I’ve never been one for self-pity; I’m like my dad in that respect. I don’t wallow in it, I turn it into anger.

‘I do know one thing, though,’ I said, sincerely. ‘I am going to find the bastard who took those pictures, and when I do. .

‘Sure, it’s my own fault, I’ve been caught at the naughties. But I don’t care about that; when I find whoever it was shopped me, I’ll fucking well kill him. . Or at least, by the time I’m finished he’ll wish I had.’

‘Will that make you feel better?’ Steve asked me.

‘No,’ I answered, ‘but it’ll make him feel worse than I do, and that’s important to me.’

I left him there, the poor, battered Proton salesman, and headed back home. I stopped for petrol on the way, and was just leaving the gasolinera when my mobile phone sounded. I pulled into the car park of the furniture store across the road and answered the call. I found myself hoping that it was Prim, telling me that she had turned the Mercedes around and was coming back, but it wasn’t. It was my Other Woman.

‘Hi,’ said Susie cheerily. ‘I’m in the office, and I’ve just dictated a letter to you, inviting you to become a director of the Gantry Group. Today’s a no-lunch day, so I thought I’d give you a call and see how you’re doing on your own.’

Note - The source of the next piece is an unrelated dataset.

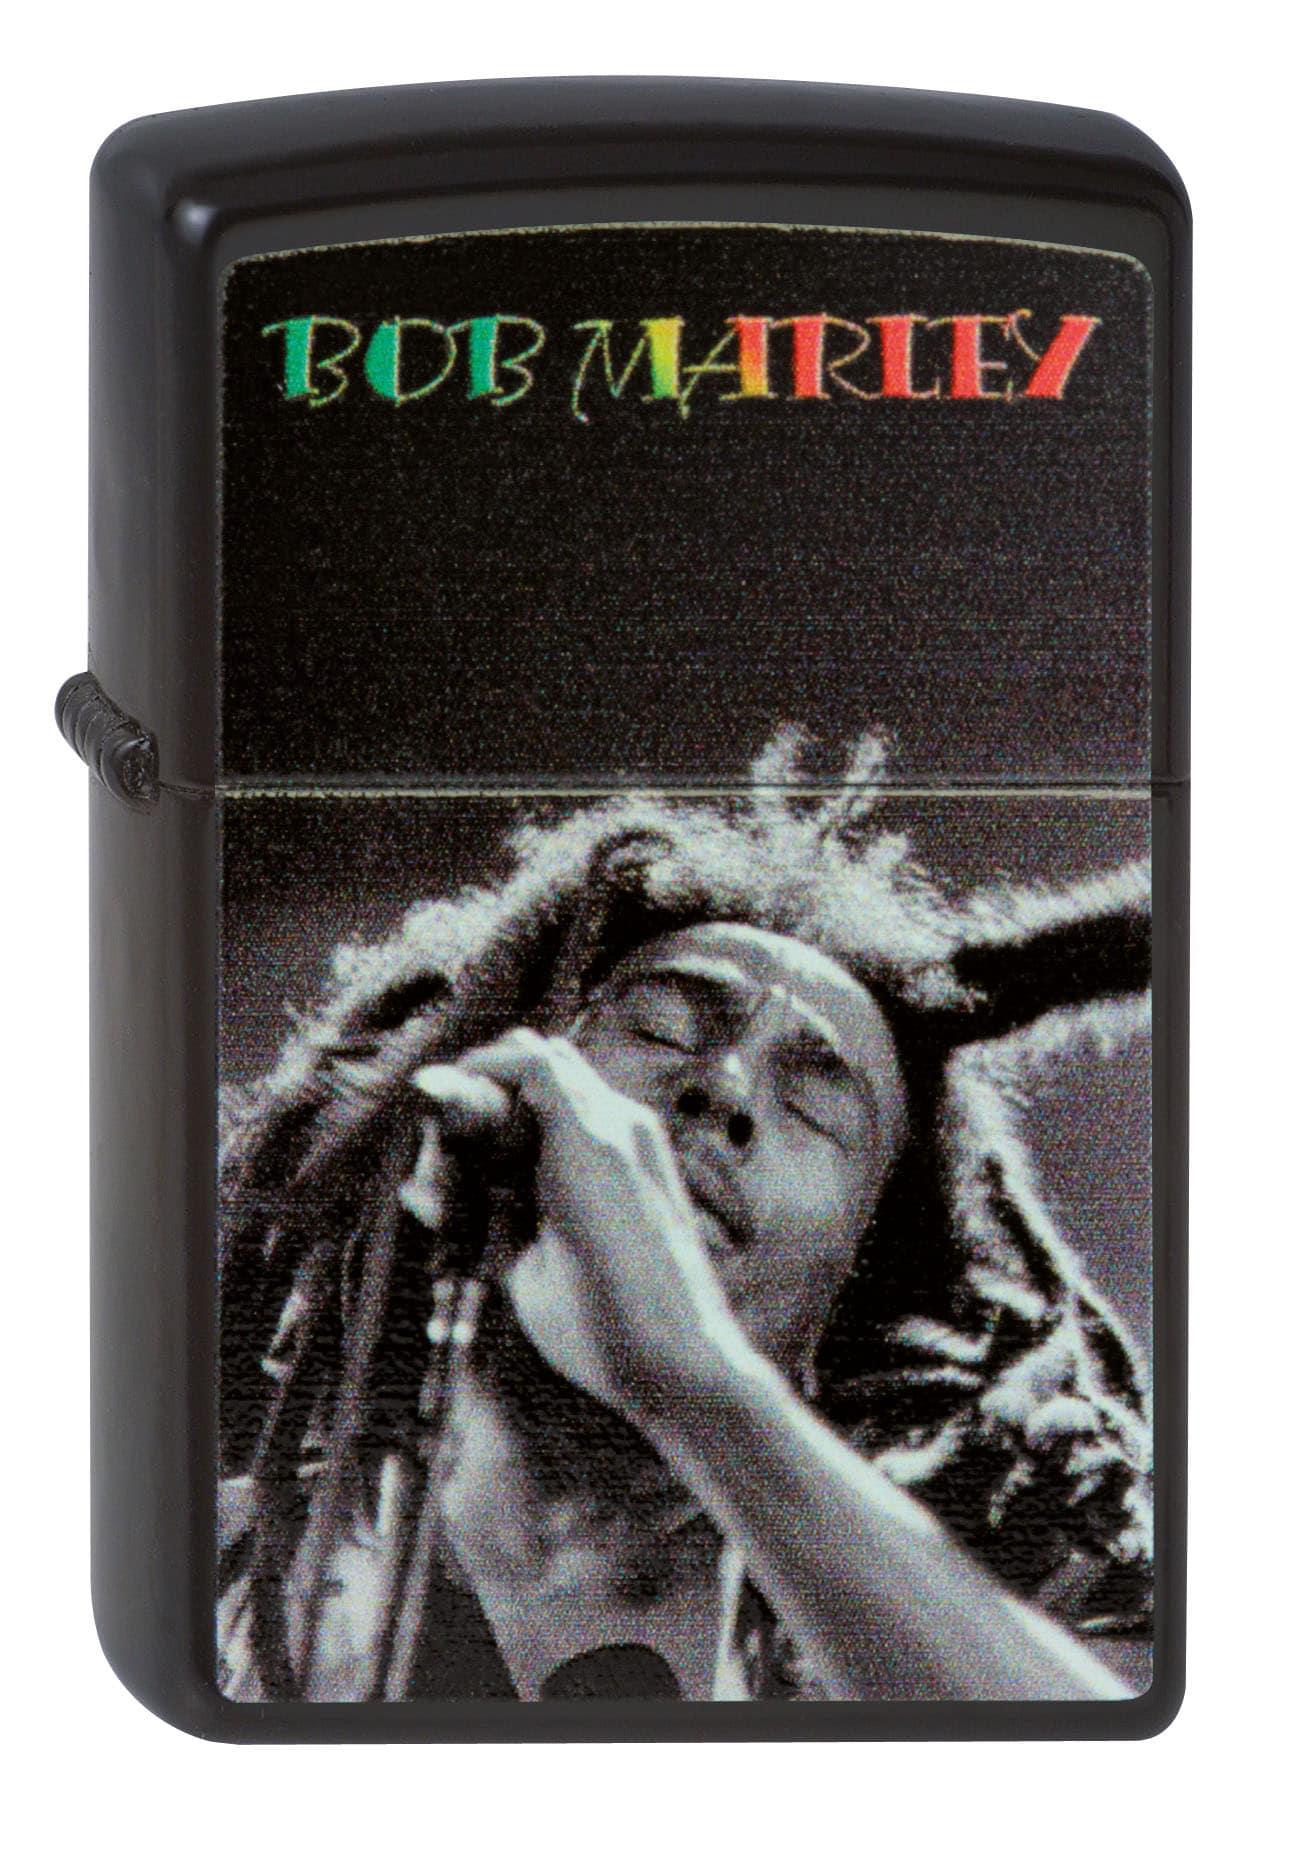 Zippo bob marley 811240 achat briquet zippo 49 00 for Exterieur zippo

‘Not very well,’ I answered. ‘Not very fucking well at all.’ I told her about Prim’s early return and about what had happened that morning. When I was finished, she was silent for what seemed like quite a while.

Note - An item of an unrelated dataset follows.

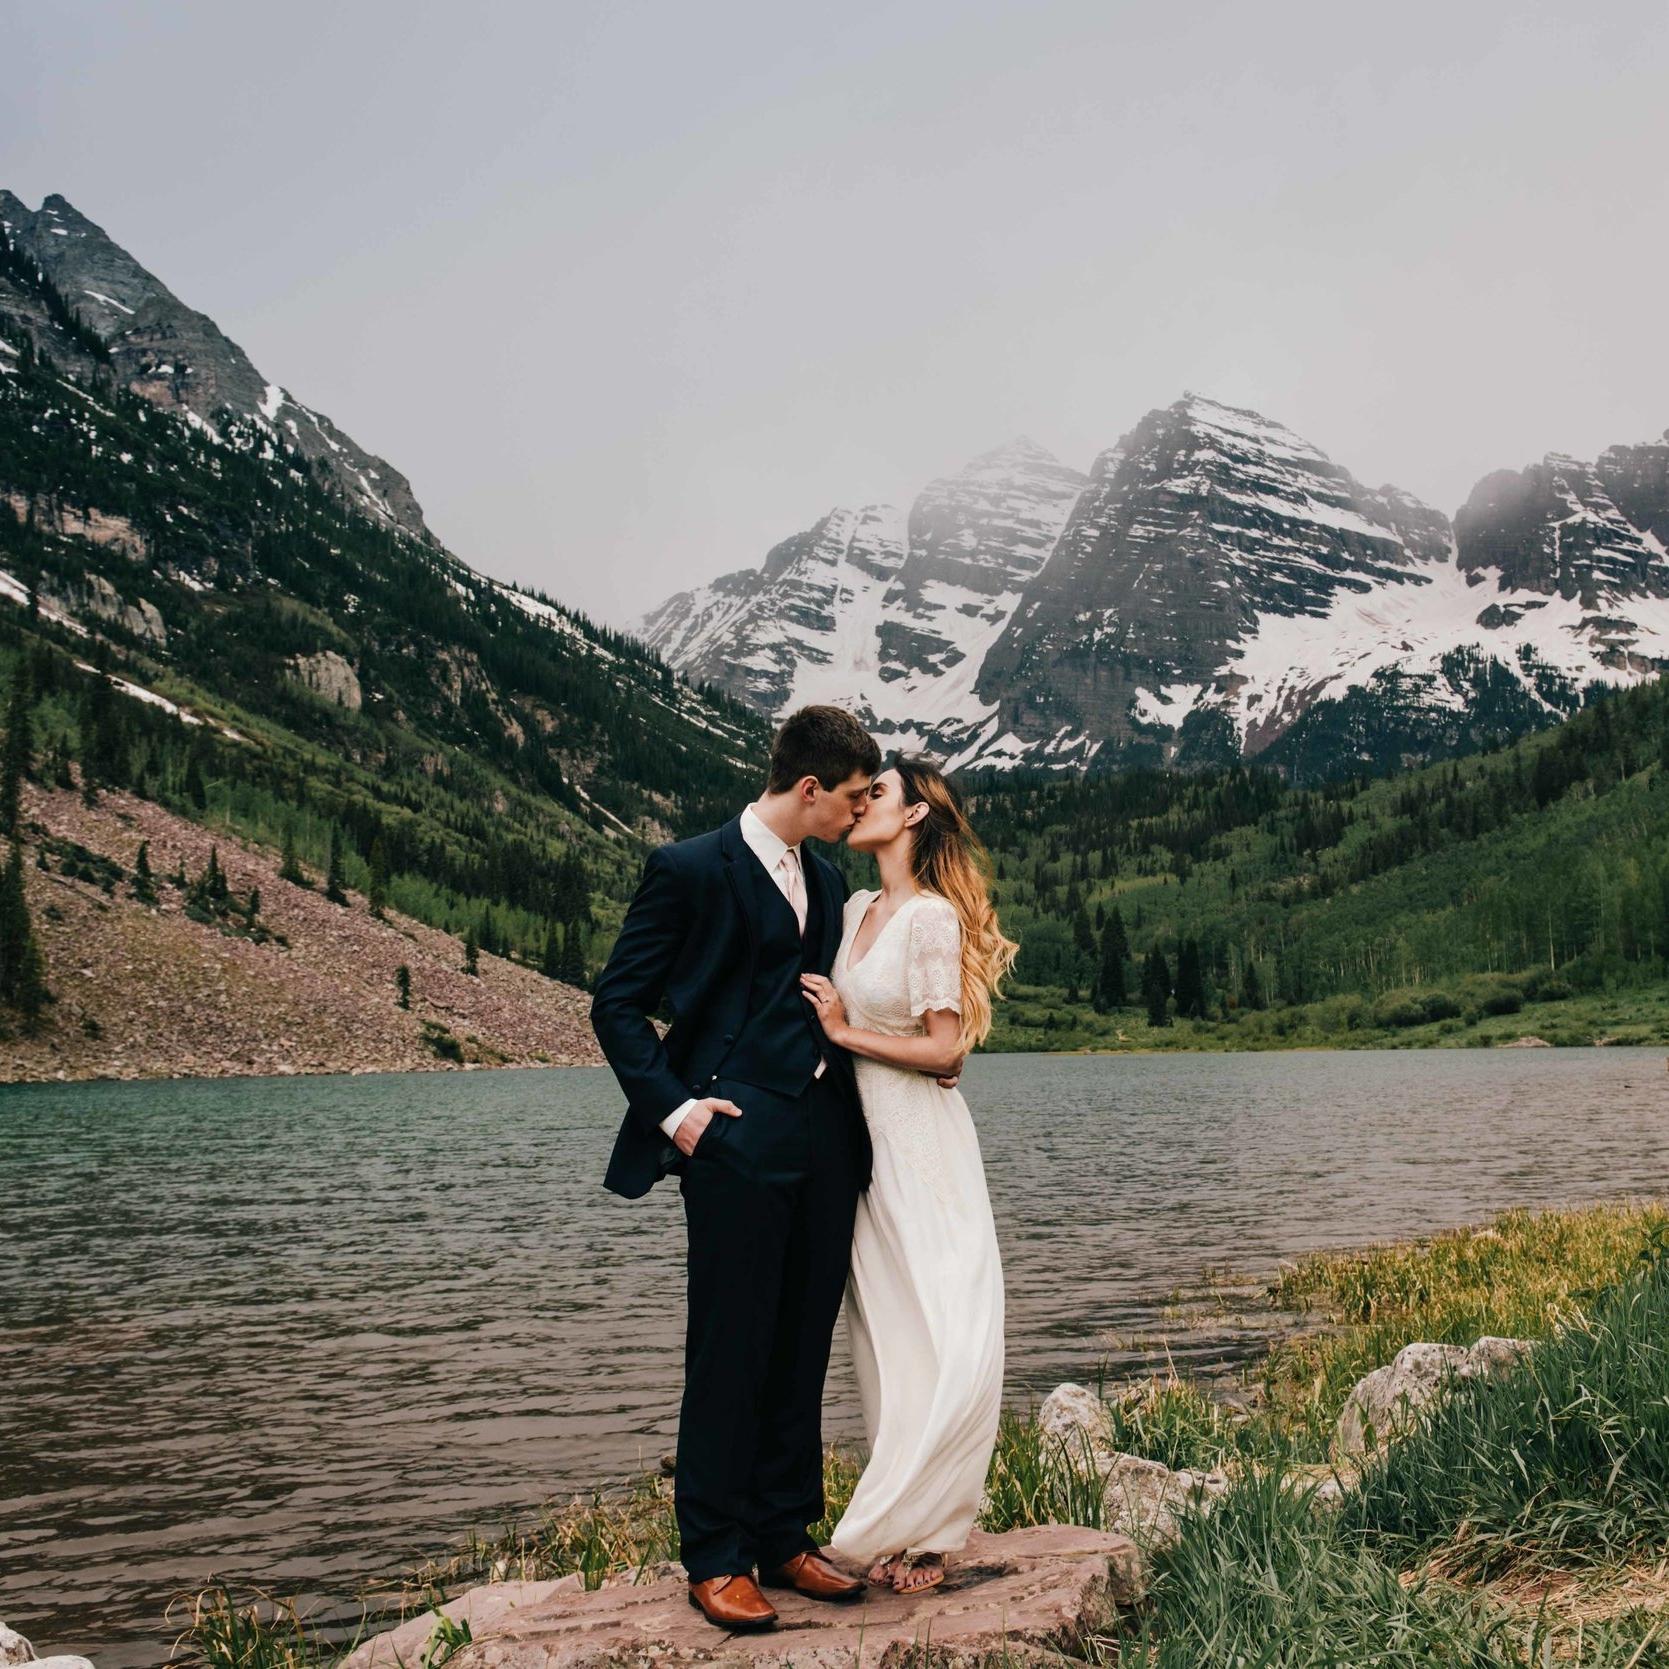 Adventurous-Wedding-Photography-Adventurous-Wedding-Photograph-Adventure-Elopement-Photographer-Adventurous-Elopement-Photograph-Adventurous-Elopement-Photographer-Adventurous-Destination-Elopement-Photographer-Destination-Elopement-Photography-Destination-Elopement-Packages-Rocky-Mountain-Elopement-Rocky-Mountain-National-Park-Photographer-Colorado-Elopement-Colorado-Elopement-Photographer-Colorado-Elopement-Photography-Iceland-Elopement-Photographer-Iceland-Elopement-Packages-Hiking-Wedding-Hiking-Elopement-Photographer-Mountain-Wedding-Photographer-Mountain-Wedding-Photography-Colorado-Mountain-Wedding-Colorado-Mountain-Elopement-Adventure-wedding-adventure-elopement-Teresa-Woodhull-photography-Aspen-Elopement-Packages-Lets-Elope-To-Aspen-Maroon-Bells-Wedding-Maroon-Bells-Elopement-Maroon-Bells-Destination-Elopement-Maroon-Bells-Destination-Wedding-Maroon-Bells-Elopement-Photographer-Maroon-Bells-Wedding-Photographer-Aspen-Wedding-Photographer-Aspen-Wedding-Photography-Aspen-Destination-Wedding-Photographer-Aspen-Elopement-Photography-Snowmass-Wedding-Photographer-Snowmass-Elopement-Snowmass-Destination-wedding-Teresa-Woodhull-photographer-Intimate-wedding-photographer-Intimate-wedding-photography-elopement-photographer-traveling-wedding-photographer-traveling-elopement-photographer-Adventure-elopement-photographer-Adventure-wedding-photographer-Destination-wedding-Destination-elopement-Destination-wedding-photography-Destination-wedding-photographer-Teresa-Woodhull-Intimate-Wedding-Photography-Teresa-Woodhull-Intimate-Wedding-Photographer-Teresa-Woodhull-Elopement-Photography-Teresa-Woodhull-Elopement-Photographer-Elopement-Photography-Intimate-Elopement-Photographer-Intimate-Elopement-Photography-Elopement-Wedding-Weddings-Elope-Elopements-Intimate-Weddings-Adventure-Weddings-Adventure-Wedding-Photograph-Adventure-Wedding-Photograph-becca-bryan-elopement

‘Oh dear,’ she sighed at last. ‘I must have been crazy to assume that she’d never find out. She’ll be after my blood, I suppose.’

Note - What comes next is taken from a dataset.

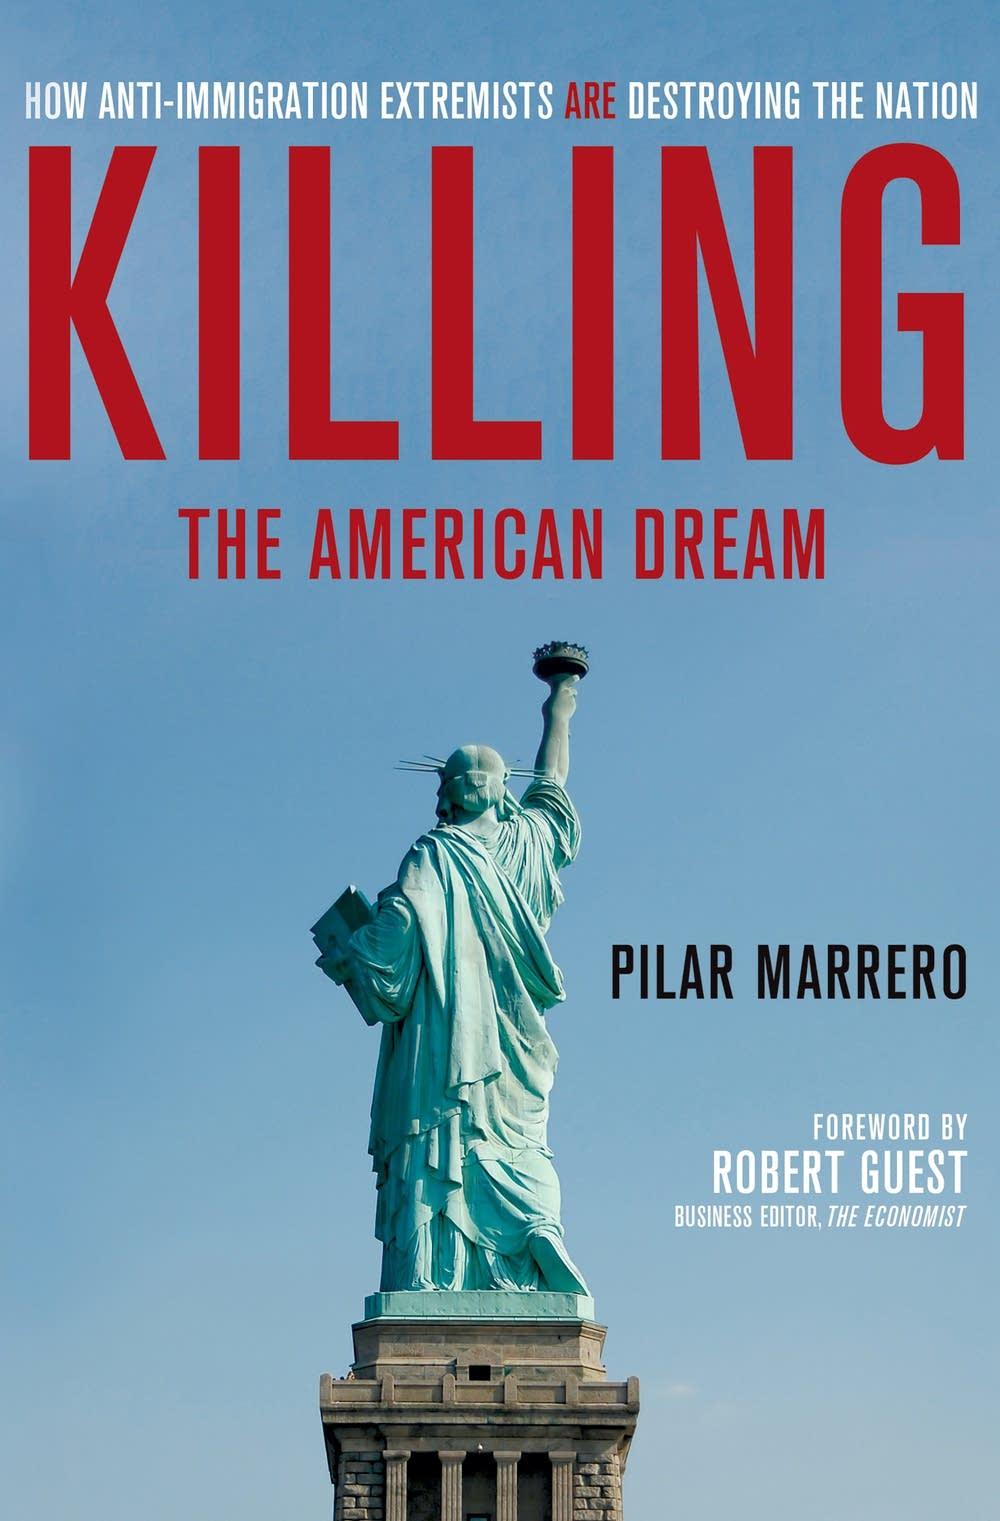 'Killing the American Dream' by Pilar Marrero

‘Several pints of it. The least you can expect is a fairly ferocious phone call,’ I admitted. ‘I guess I should have called you, to warn you, but the red mist came down. As a result, I’m just on my way back from making a fool of myself yet again.’

‘How?’

‘Miller. I assumed it was him and I went to his place to give him another doing. It wasn’t.’

‘So who did take the photos?’

‘I haven’t a bloody clue, Susie; not yet, at any rate.’

‘Don’t go overboard when you find him, Oz. Promise me that.’

‘I’m promising nothing any more. Promises just get you into bother.’

‘What about the one you made to me? About looking out for me?’

I had actually thought about that. ‘That still stands, whether Prim comes back or not. I gave you my word.’

‘Listen,’ she said. ‘I really am sorry. I never meant to mess things up between you two.’

‘What would you do differently in the same circumstances? ’ I fired at her.

‘Nothing.’

‘Me neither.’

‘Do you want to come over here?’ she asked.

‘No. We’ve been over that, and you were right.’

‘What about the new movie? What happens if Prim doesn’t come back, and tells Dawn and Miles why?’

‘Right now, I don’t give one damn. But we’re contracted, Miles and I, for one more picture at least, and he has an option on me for the one after that.’

‘Will she come back?’

‘I don’t know.’

‘Do you want her to?’

I had been thinking about that, on and off, from the moment her car turned out of the driveway. ‘Susie,’ I replied, ‘you made it pretty clear that I’ve been misusing women all my adult life. I’ve got to start being honest with someone.’

‘Be honest with me, then. If Prim did leave, and I turned up again, would you throw me out?’